EXERCISE PROMPT:
Among the entries below, one stretch runs from the line that contains "2000 P Sacagawea" through the line that contains "Duchinni Vienna Ladies". Repeat that stretch exactly, ends included, and only that.

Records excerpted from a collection
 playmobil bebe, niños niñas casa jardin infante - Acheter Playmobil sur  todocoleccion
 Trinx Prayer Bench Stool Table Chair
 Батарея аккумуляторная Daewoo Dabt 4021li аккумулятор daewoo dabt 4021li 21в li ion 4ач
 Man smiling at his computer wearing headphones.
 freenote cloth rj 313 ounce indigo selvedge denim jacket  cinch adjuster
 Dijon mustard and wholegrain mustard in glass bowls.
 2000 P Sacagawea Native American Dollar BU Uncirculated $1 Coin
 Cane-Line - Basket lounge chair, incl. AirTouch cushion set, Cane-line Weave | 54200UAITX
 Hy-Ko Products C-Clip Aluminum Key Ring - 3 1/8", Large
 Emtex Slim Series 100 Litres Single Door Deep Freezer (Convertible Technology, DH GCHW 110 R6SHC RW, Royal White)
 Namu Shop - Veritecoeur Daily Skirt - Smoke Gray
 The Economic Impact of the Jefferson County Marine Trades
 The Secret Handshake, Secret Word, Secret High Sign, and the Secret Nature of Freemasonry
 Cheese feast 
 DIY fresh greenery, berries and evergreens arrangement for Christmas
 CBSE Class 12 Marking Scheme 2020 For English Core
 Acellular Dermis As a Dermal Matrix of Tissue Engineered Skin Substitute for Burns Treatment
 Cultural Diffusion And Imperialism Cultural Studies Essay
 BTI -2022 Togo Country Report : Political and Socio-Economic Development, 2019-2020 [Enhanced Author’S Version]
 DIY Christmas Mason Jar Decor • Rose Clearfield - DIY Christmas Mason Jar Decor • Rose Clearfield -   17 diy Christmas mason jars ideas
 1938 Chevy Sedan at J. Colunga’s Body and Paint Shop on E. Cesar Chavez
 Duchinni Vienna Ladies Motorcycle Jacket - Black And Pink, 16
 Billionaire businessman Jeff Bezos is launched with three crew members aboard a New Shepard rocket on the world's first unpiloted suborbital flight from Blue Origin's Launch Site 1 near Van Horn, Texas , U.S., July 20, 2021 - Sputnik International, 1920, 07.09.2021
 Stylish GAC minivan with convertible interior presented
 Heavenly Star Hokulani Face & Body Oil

ANSWER:
 2000 P Sacagawea Native American Dollar BU Uncirculated $1 Coin
 Cane-Line - Basket lounge chair, incl. AirTouch cushion set, Cane-line Weave | 54200UAITX
 Hy-Ko Products C-Clip Aluminum Key Ring - 3 1/8", Large
 Emtex Slim Series 100 Litres Single Door Deep Freezer (Convertible Technology, DH GCHW 110 R6SHC RW, Royal White)
 Namu Shop - Veritecoeur Daily Skirt - Smoke Gray
 The Economic Impact of the Jefferson County Marine Trades
 The Secret Handshake, Secret Word, Secret High Sign, and the Secret Nature of Freemasonry
 Cheese feast 
 DIY fresh greenery, berries and evergreens arrangement for Christmas
 CBSE Class 12 Marking Scheme 2020 For English Core
 Acellular Dermis As a Dermal Matrix of Tissue Engineered Skin Substitute for Burns Treatment
 Cultural Diffusion And Imperialism Cultural Studies Essay
 BTI -2022 Togo Country Report : Political and Socio-Economic Development, 2019-2020 [Enhanced Author’S Version]
 DIY Christmas Mason Jar Decor • Rose Clearfield - DIY Christmas Mason Jar Decor • Rose Clearfield -   17 diy Christmas mason jars ideas
 1938 Chevy Sedan at J. Colunga’s Body and Paint Shop on E. Cesar Chavez
 Duchinni Vienna Ladies Motorcycle Jacket - Black And Pink, 16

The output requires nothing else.